Amit Sheth defined “Smart Data” as “realising productivity, efficiency, and effectiveness gains by using semantics to transform raw data into Smart Data.”
Clarifying “Smart Data” concept can be understood as automation of the process represented by the arrow linking “Information” and “Knowledge” entities on the classic diagram:
Smart Data provides value from harnessing the challenges posed by volume, velocity, variety, and veracity of big data, and in turn providing actionable information and improving decision making. It is about extracting value by improving human involvement in data creation, processing, and consumption, resulting in enhanced human experience.
In the most of the cases any data including Big one cannot directly become a knowledge, instead requiring first to become an information via purification, transformation and most likely pre-aggregation (with consecutive granularity loss), so most likely the next transformation is possible only in relatively simple cases:
In real-life cases realising “analytics” most likely will end up with two consecutive processes: data transformation (“T” in “ETL”) and semantic integration. In a case of Big Data numerous pre-aggregations most likely will change this sequence – first there will be required ontology alignment (assignment of means to data entities) and only after that aggregating process will deliver useful outcome.
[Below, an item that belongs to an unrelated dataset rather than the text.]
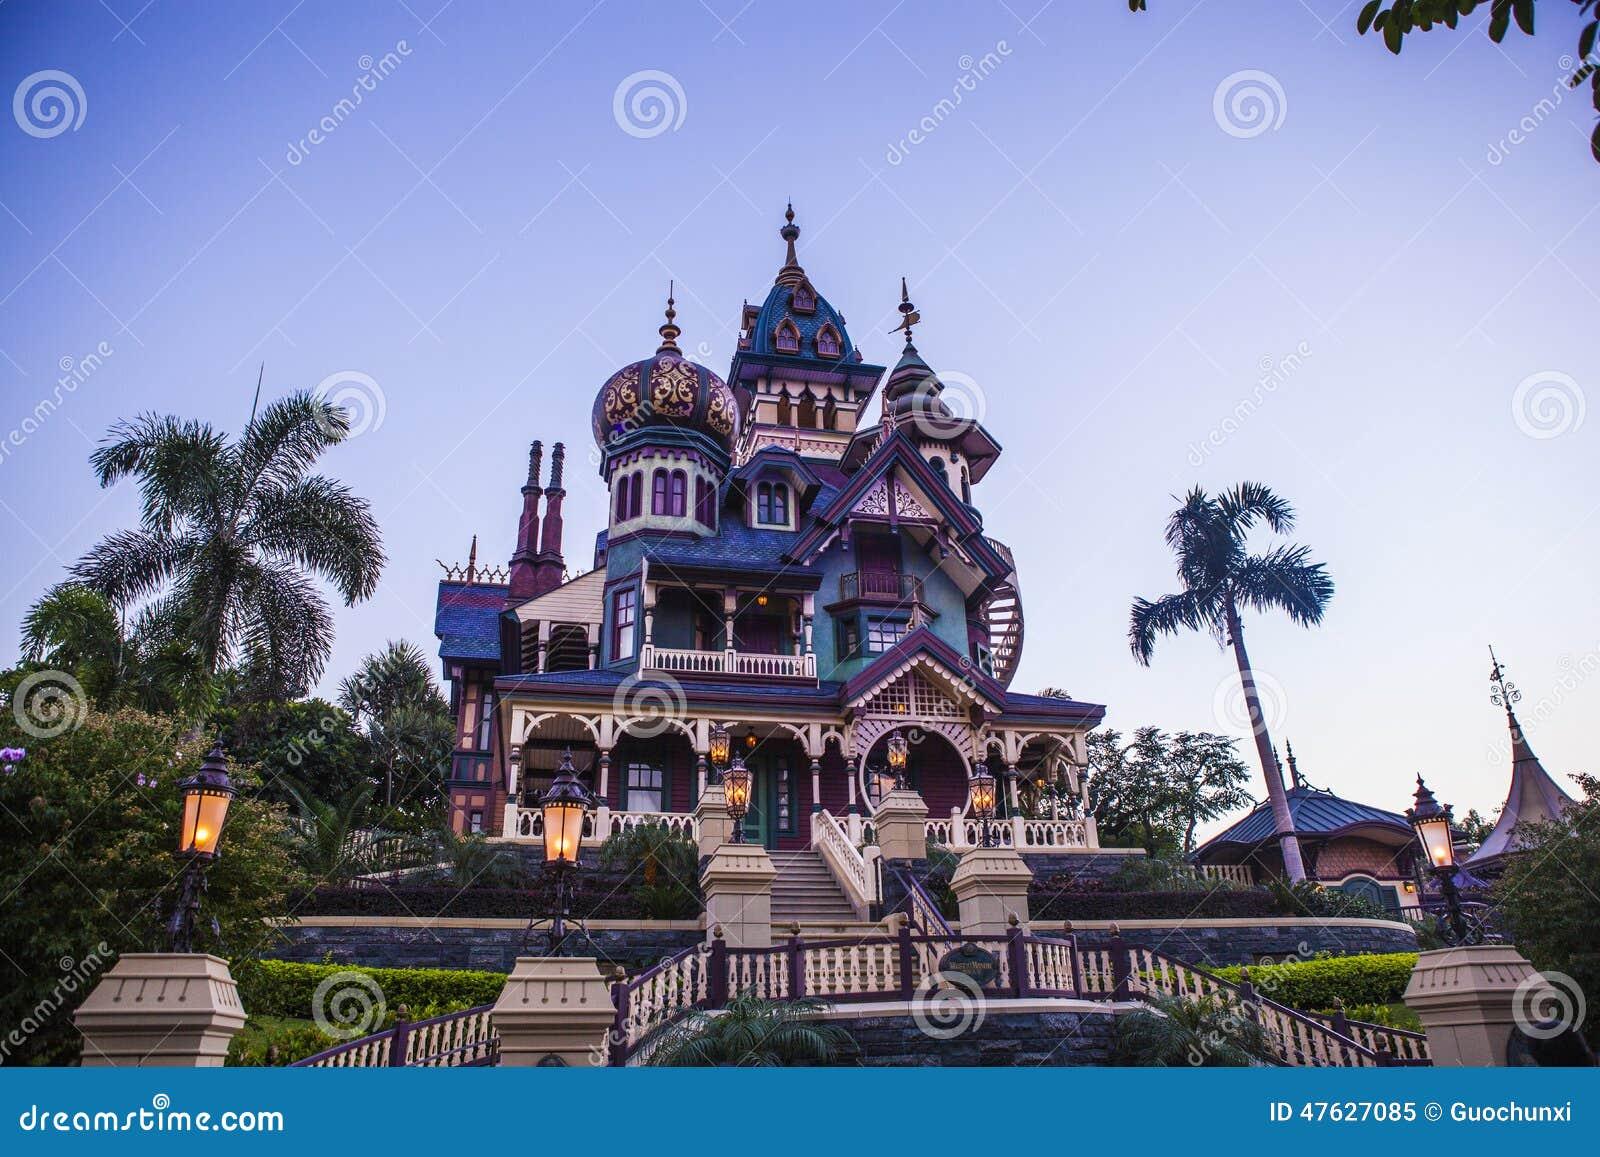 Mickey s toontown i Disneyland
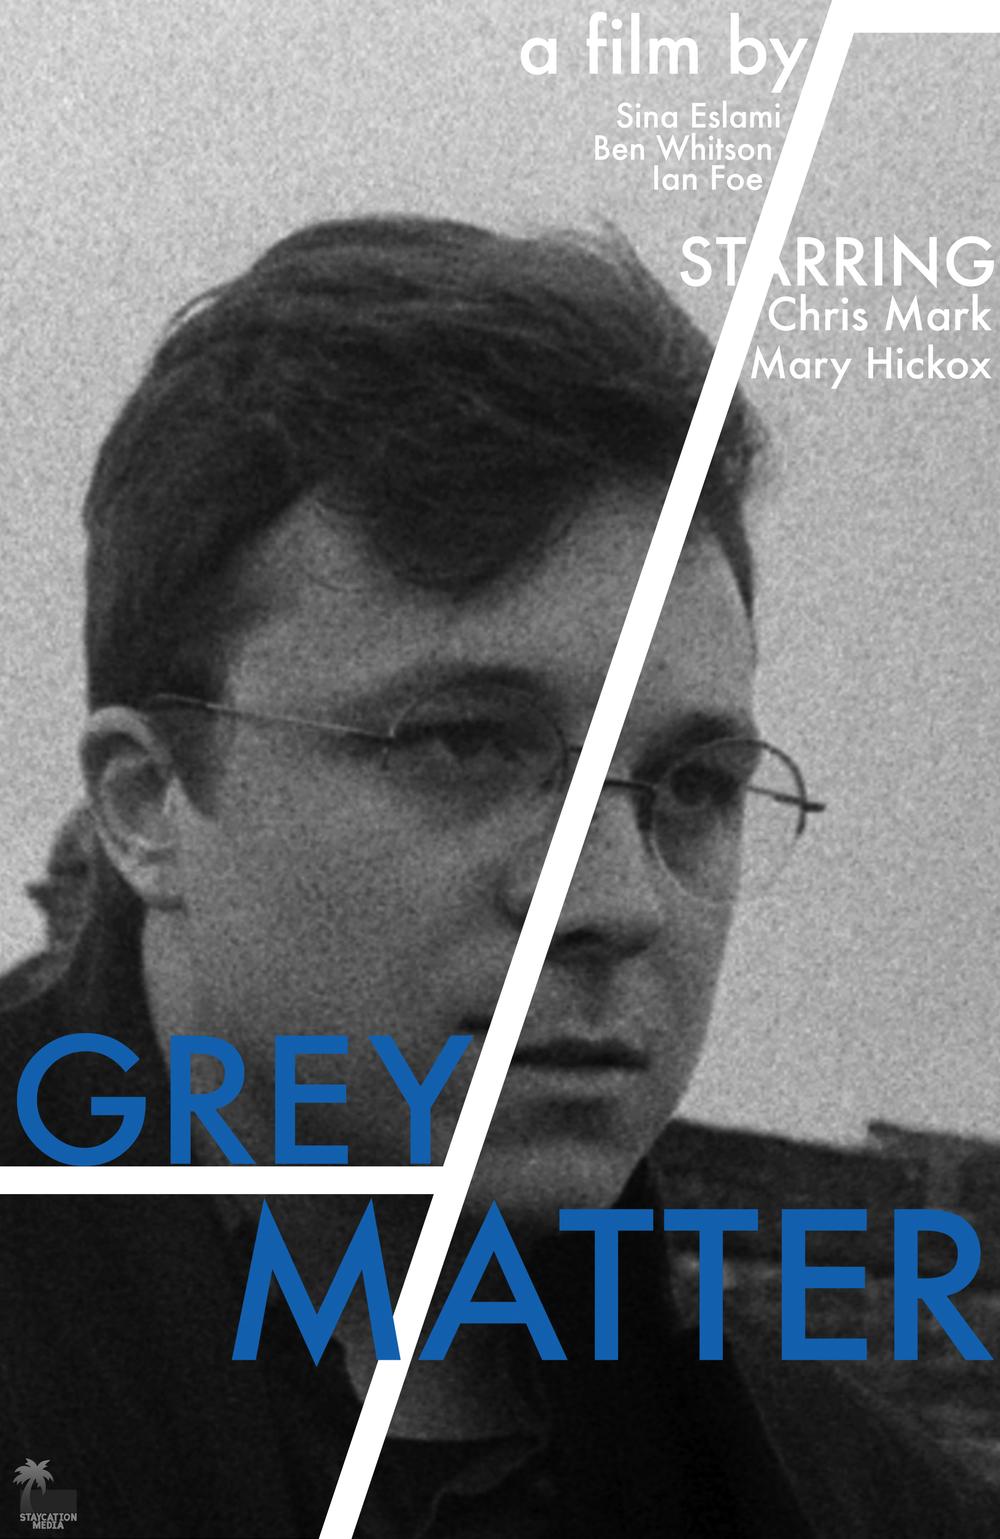 Grey Matter Poster.jpg

Summarising, for successful implementation of the “Smart Data” concept in an enterprise it would require adoption of two technical processes: Data Transformation and Semantic Integration. Single use of Data Transformation that is understood under the word “Analytics” on the screenshot above in 95% of cases wouldn’t be enough. That makes pressure on design phase of a project where firstly should be planned additional time for data source research (including interaction with business users) and secondly should be prepared framework (dictionaries’ format, terminology, approvement procedure, etc) for ontology alignment.
New word into dictionary:
Semantic Integration is the process of interrelating information from diverse sources:
- various accounting systems (budgeting, cash flow, GL, etc),
- calendars and to-do lists,
- email archives,
- presence information (physical, psychological, and social),
- documents of all sorts,
- contacts (including social graphs),
- search results and/or extracted advertising and marketing relevance.